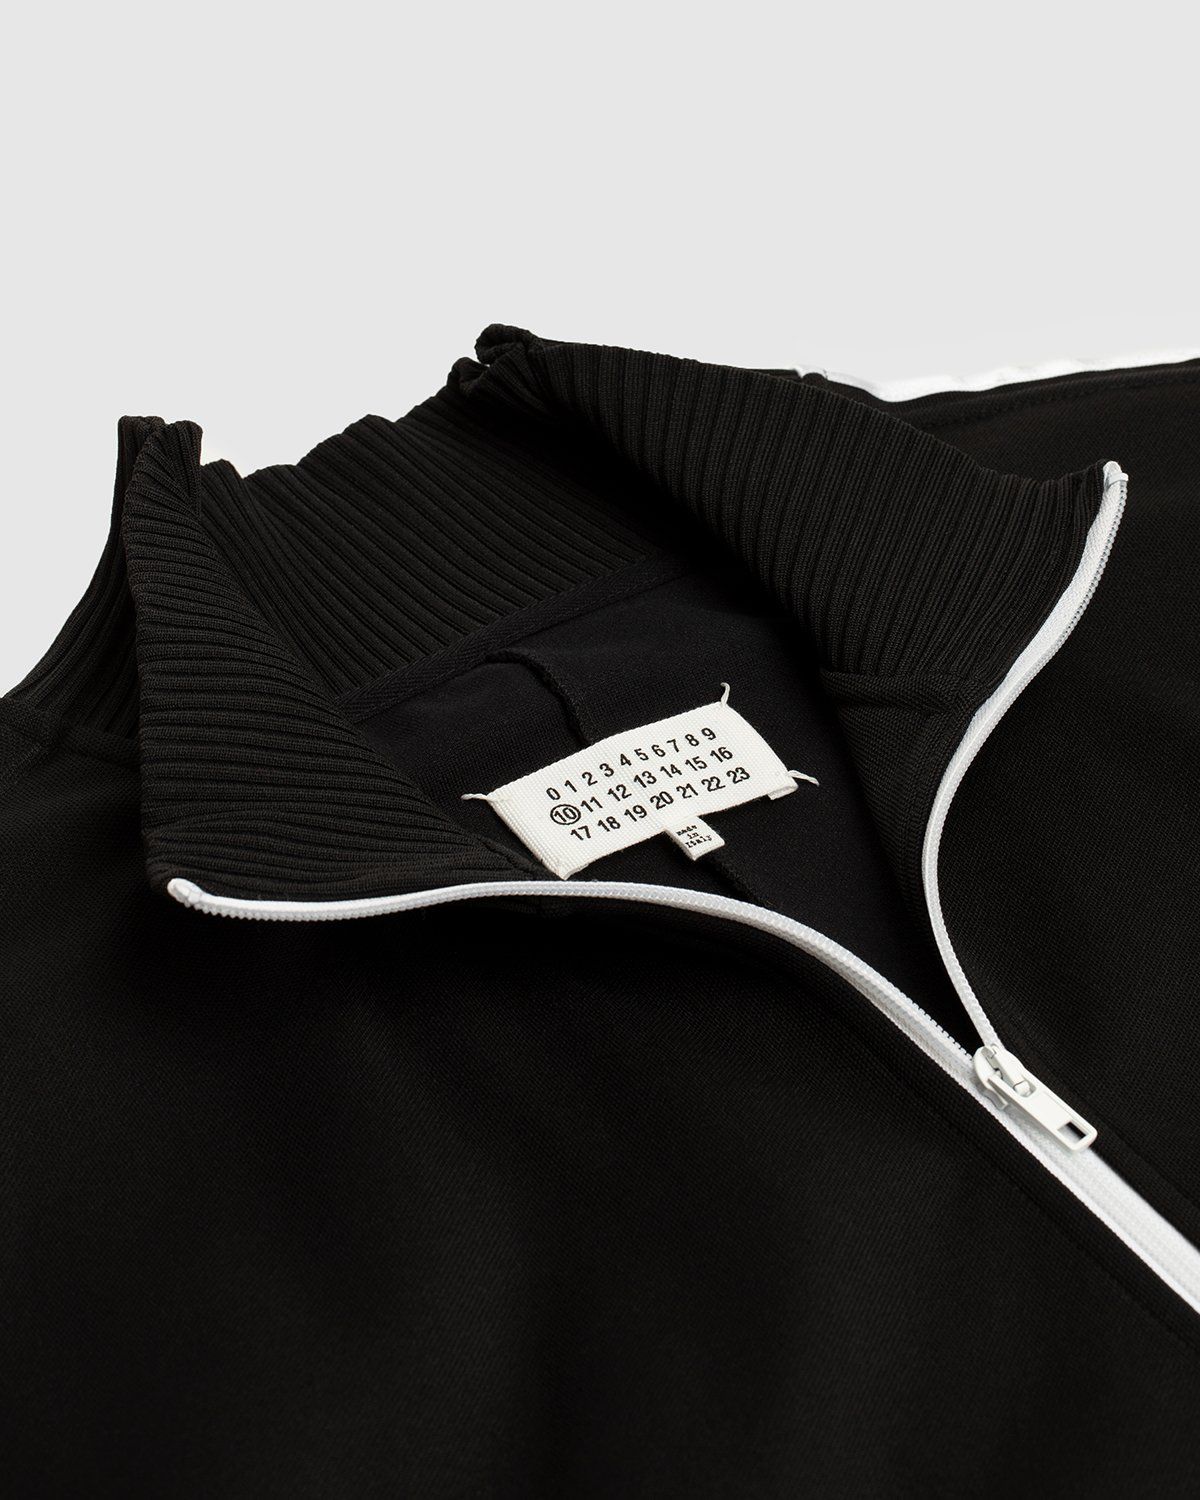 Maison Margiela – Track Jacket - Outerwear - Black - Image 6
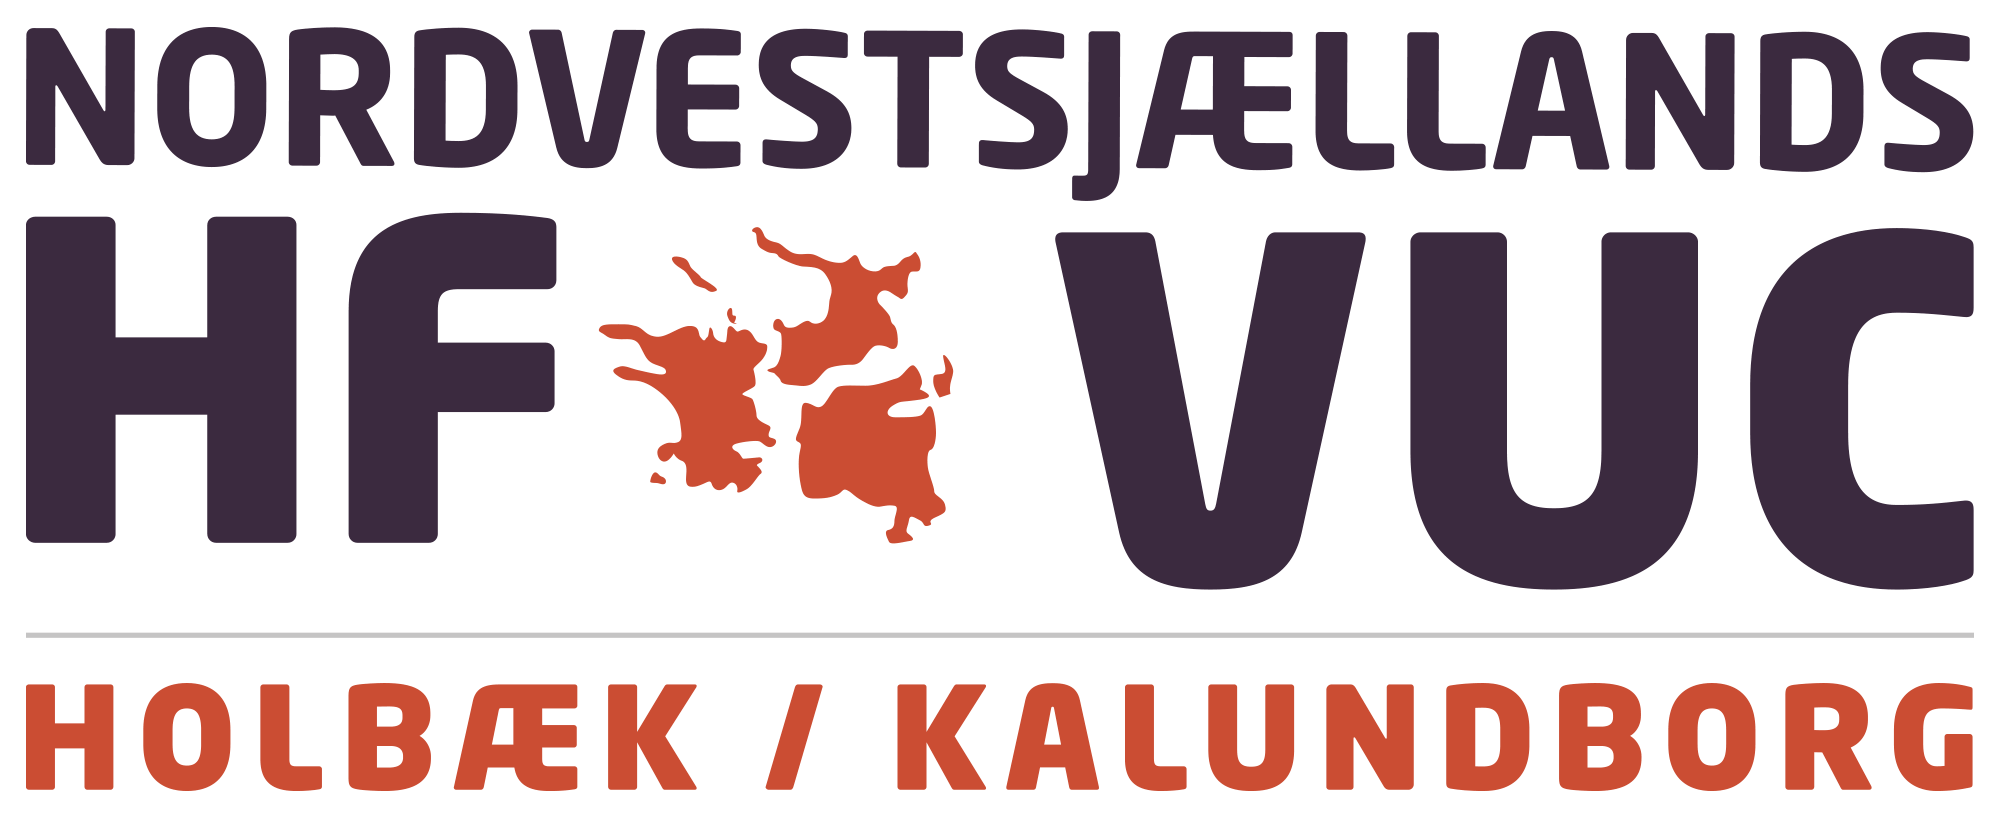 Logo Nordvestsjællands HF og VUC
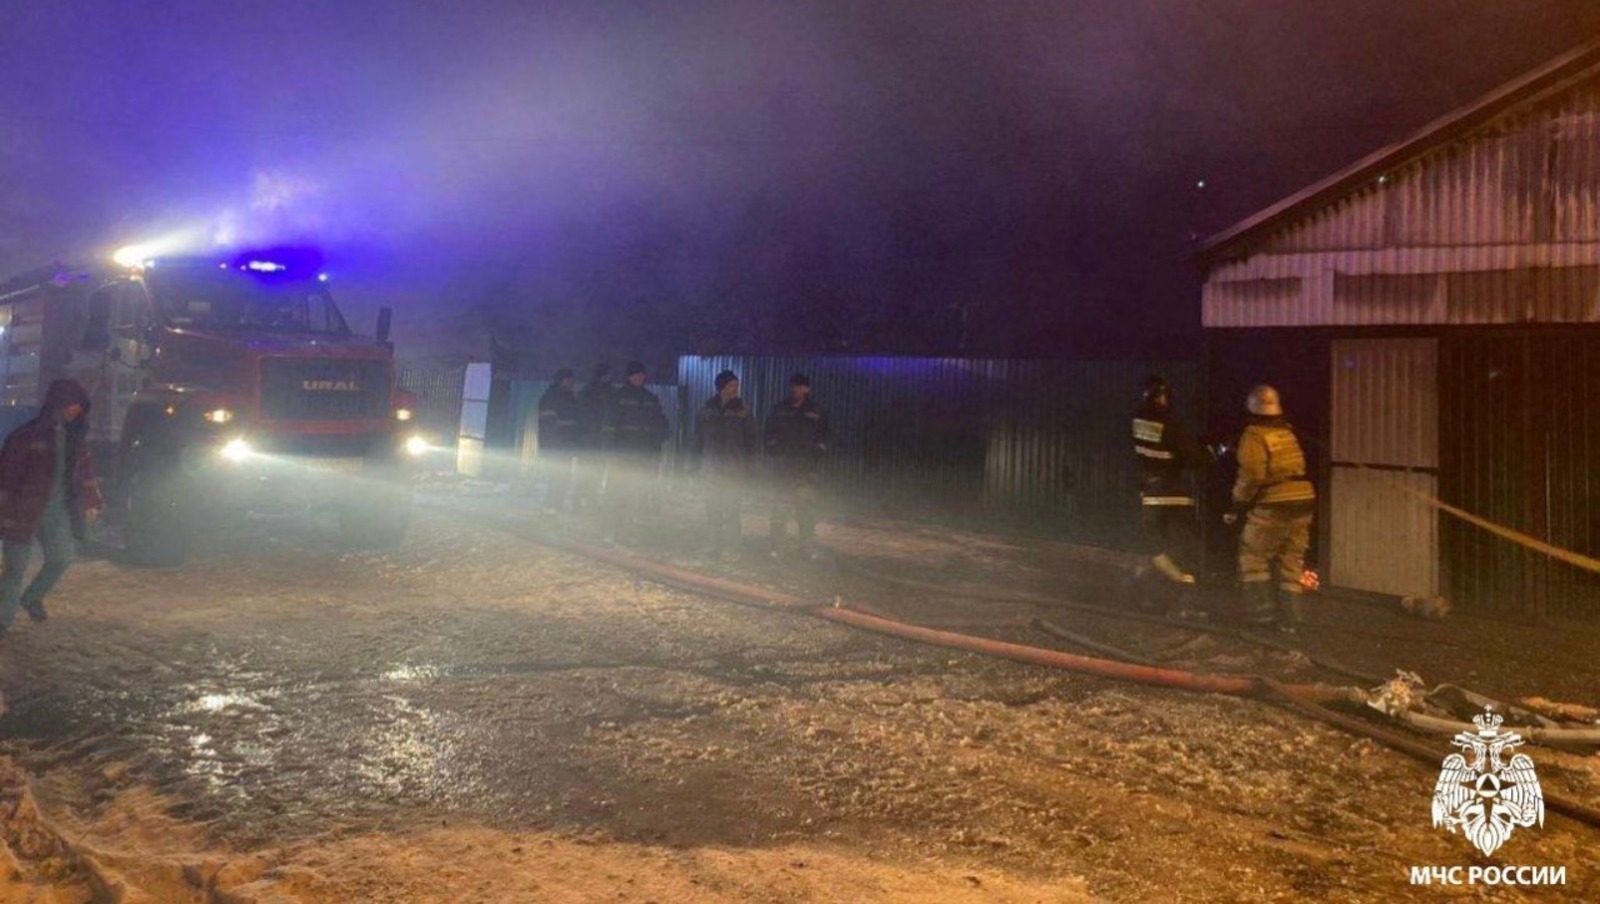 В СКР по Башкирии сообщили подробности смертельного пожара в Матвеевке, где сгорели 7 человек: двоих детей спас отец
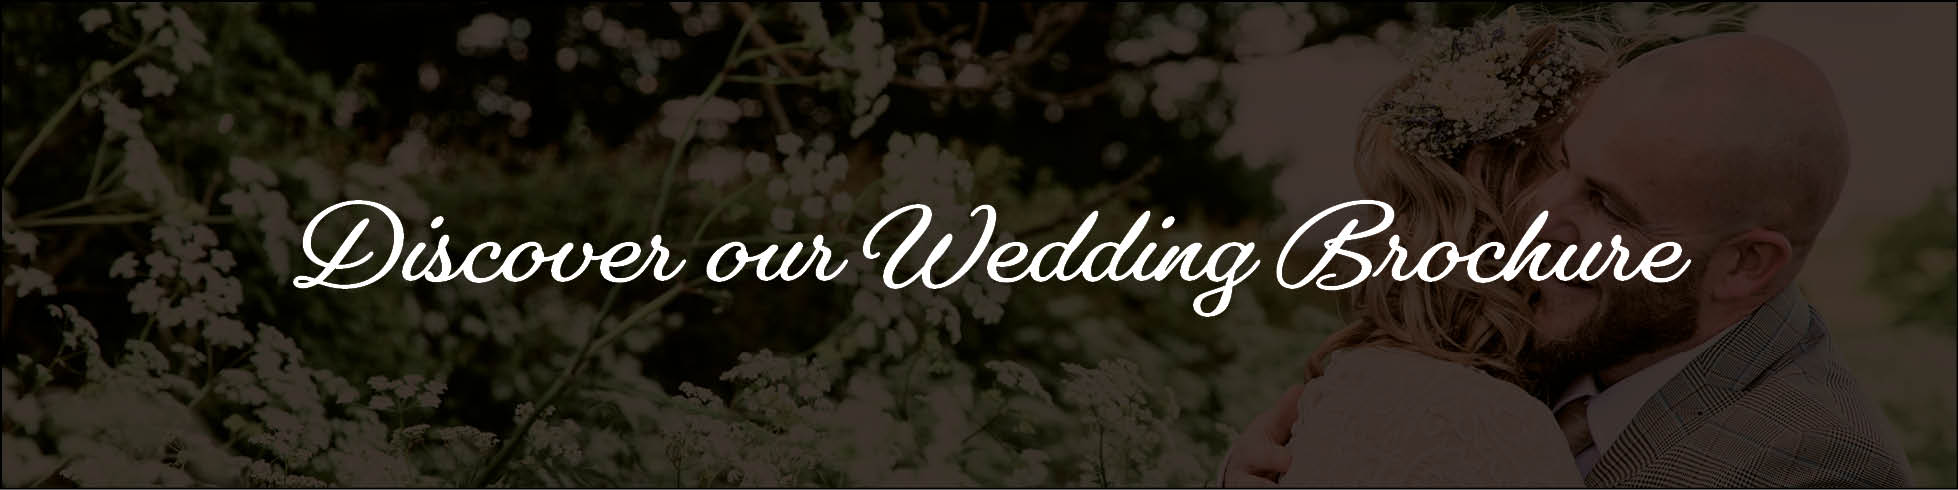 Request a Gretna Green Wedding Brochure

☆ ☆ ☆ ☆

▶ _TASK TO COMPLETE_:
Only the pictures are dropped. Otherwise, write out the listing exactly.

▶ _RESULT BELOW_:
 Maison Margiela – Track Jacket - Outerwear - Black - Image 6
 Logo Nordvestsjællands HF og VUC
 В СКР по Башкирии сообщили подробности смертельного пожара в Матвеевке, где сгорели 7 человек: двоих детей спас отец
 Request a Gretna Green Wedding Brochure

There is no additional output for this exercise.